[petsc-users] Help my solver scale
Matthew Knepley
knepley at gmail.com
Wed May 2 17:40:24 CDT 2018
On Wed, May 2, 2018 at 5:59 PM, Manuel Valera <mvalera-w at sdsu.edu> wrote:
> Thanks Matt,
>
> I just remade the streams tests on the machine and i got the following
> table, my question would be, is this the maximum speedup i may get on my
> machine, and thus should compare the efficiency and scaling tests up to
> this figure instead?
>
> I have 20-cores nodes
>
Are you sure they are not 16 core nodes?
> so this was made over 4 nodes,
>
Okay, you get a speedup of 20 using all 4 nodes (64 processes). This means
that the maximum speedup is 30% in your terminology.

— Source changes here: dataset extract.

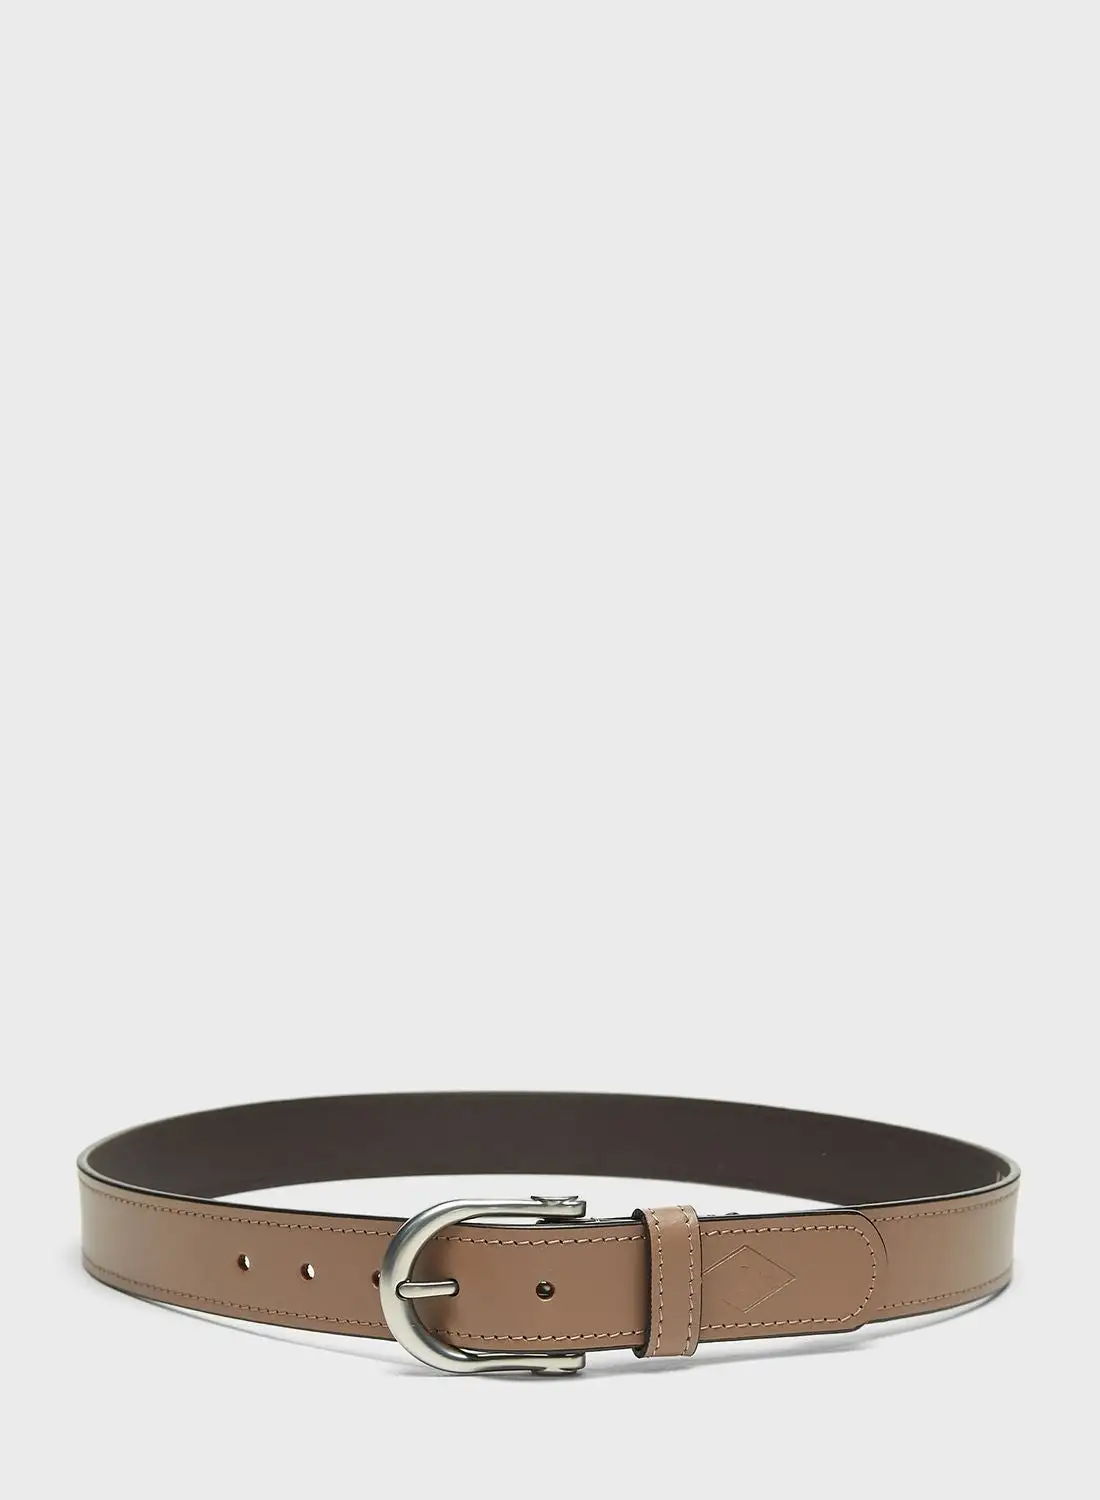 Lee Cooper Pin Buckle Allocated Hole Belt

We can see that this is consistent scaling, since for 16 processes (I
assume 1 node) we get a speedup of 5, which is also 30%.
Using the bandwidth limit as peak instead of core count, then your strong
scaling is about 70% for 16 processes (okay, not great), and
30% for 64 processes. That is believable, but could probably be improved.
The next things to look at are: How big are the problem sizes per process?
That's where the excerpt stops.